I'm Haaretz, Ph.D.

Wednesday, March 22, 2006

I dare you not to yawn... then I dare you not to take what you read to heart.

Yawning is a surprisingly powerful act. Just because you read the word “yawning” in the previous two sentences—and the two additional “yawns” in this sentence—a good number of you will probably yawn within the next few minutes. Even as I’m writing this, I’ve yawned twice. If you’re reading this in a public space, and you’ve just yawned, chances are that a good proportion of everyone who saw you yawn is now yawing too, and a good proportion of the people watching the people who watched you yawn are now yawning as well, and on and on, in an ever-widening yawning circle… And finally, if you yawned as you read this, did the thought cross your mind—however unconsciously and fleetingly—that you might be tired? I suspect that for some of you it did, and which means that yawns can also be emotionally contagious. Simply by writing the word, I can plant a feeling in your mind.

(Malcom Gladwell: The Tipping Point, p.10)

Gladwell above addresses what he calls the stickiness factor of features of a social epidemic, i.e. why some ideas or things catch on and become trends and others just don’t stick. Yawning is clearly a ‘sticky’ concept. The reason I quote this paragraph is not just to pull a prank on anyone who loads this page. (I’ll admit the image of everyone yawning at the computer is making me laugh, only I can’t really laugh because I’m still yawning… but back to my point.) Consider this statement:

Simply by writing the word [yawn], I can plant a feeling [of tiredness] in your mind.

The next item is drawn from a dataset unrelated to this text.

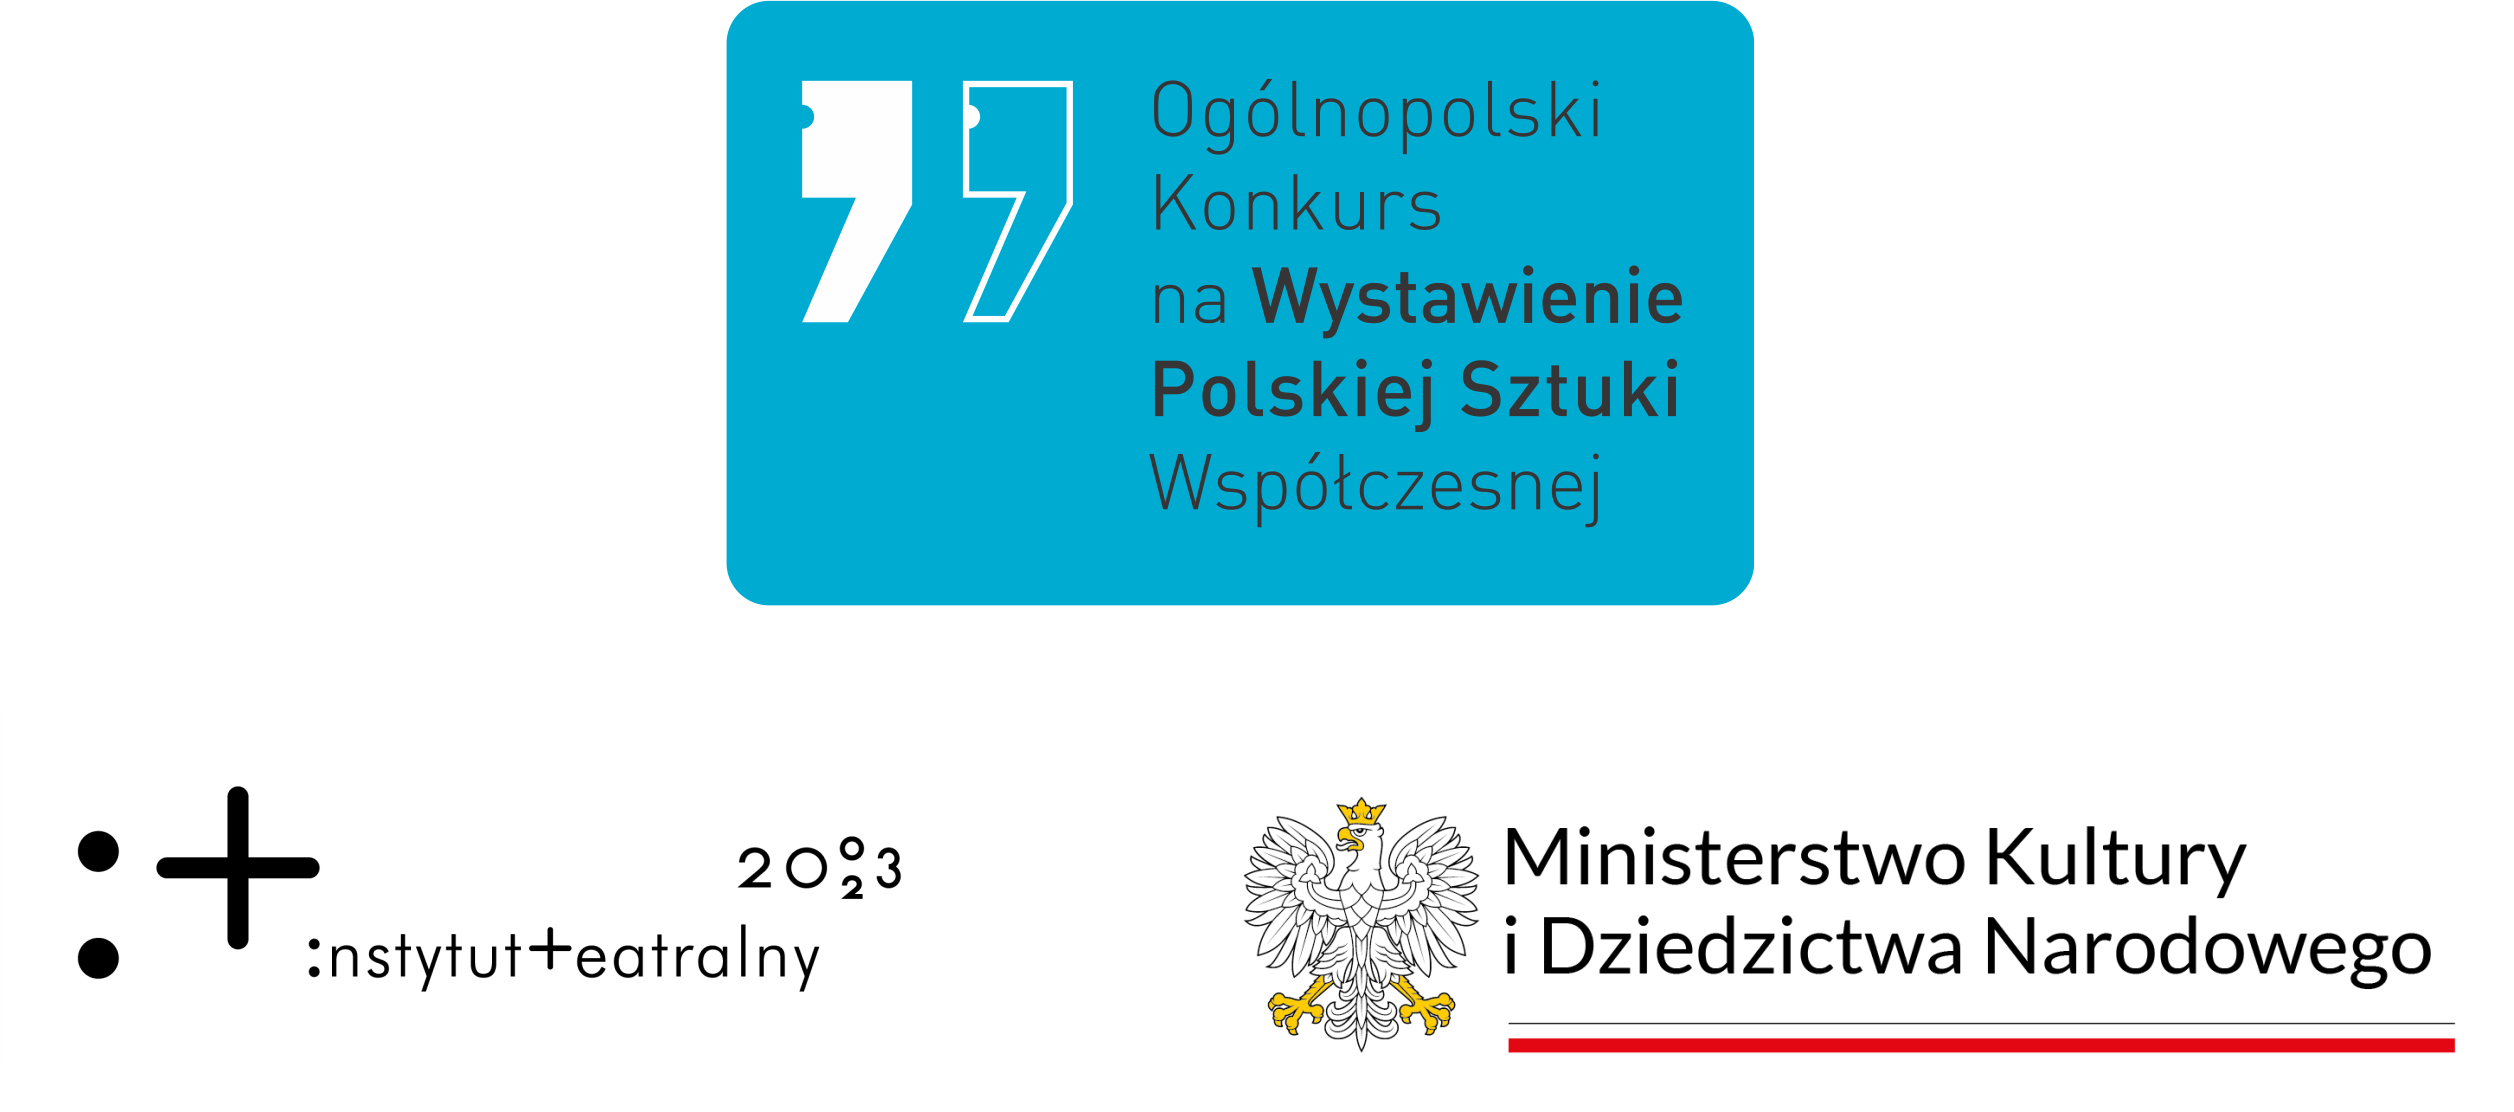 Logotypy: Ogólnopolski Konkurs na Wystawienie Polskiej Sztuki Współczesnej, Instytut Teatralny, Ministerstwo Kultury i Dziedzictwa Narodowego.

The fact that just reading a word can immediately trigger an unconscious and involuntary response tells you that the “emotional contagiousness” of written material is unbelievably powerful. Information processing isn’t about the text that you mindfully read; it isn’t even about the infamous subtext anymore. Understanding comes as a result of a knee-jerk emotional response to the very base meaning of the transmitted information. Every input translates into a cascade of automatic psychological reactors which we hardly control.

The reason this bothers me is because it greatly undercuts the positive effects of free speech. In an open exchange of ideas, every party has equal opportunity to state their case and refute their opponent’s. But emotional contagiousness makes any refutation a moot point, because the initial processing of the offending opinion has profound effects regardless of its validity.

So when one critic after another tear apart anti-Semitic or anti-Israeli positions, they try to make it impossible to rationally uphold the hateful argument. However, the layman who is exposed to the argument is not taken by either side of the debate as it doesn’t concern them. The casual observer’s response is an unsophisticated emotional reaction to the implicit triggers-- a result that is most insidious because it doesn't warrant reevaluation.

I keep thinking about the average newspaper reading Joe who reads an article on the Israel Lobby paper and then keeps reading to learn how academics spin the facts. This uninvolved but sincere citizen will come away from the article having caught two emotional bugs: (1) don’t trust Jews, and (2) don’t trust the academic elite. Even if the second argument is ultimately more convincing, the impression of the first remains. The worst part is that because the hateful feelings are barely persceptible, Joe will never even have to feel guilty about having those thoughts--and they'll always be there.

My point is: if I make you yawn and then convince you that you’re not actually tired--you’ll believe me that you’re not tired, but you still will have yawned!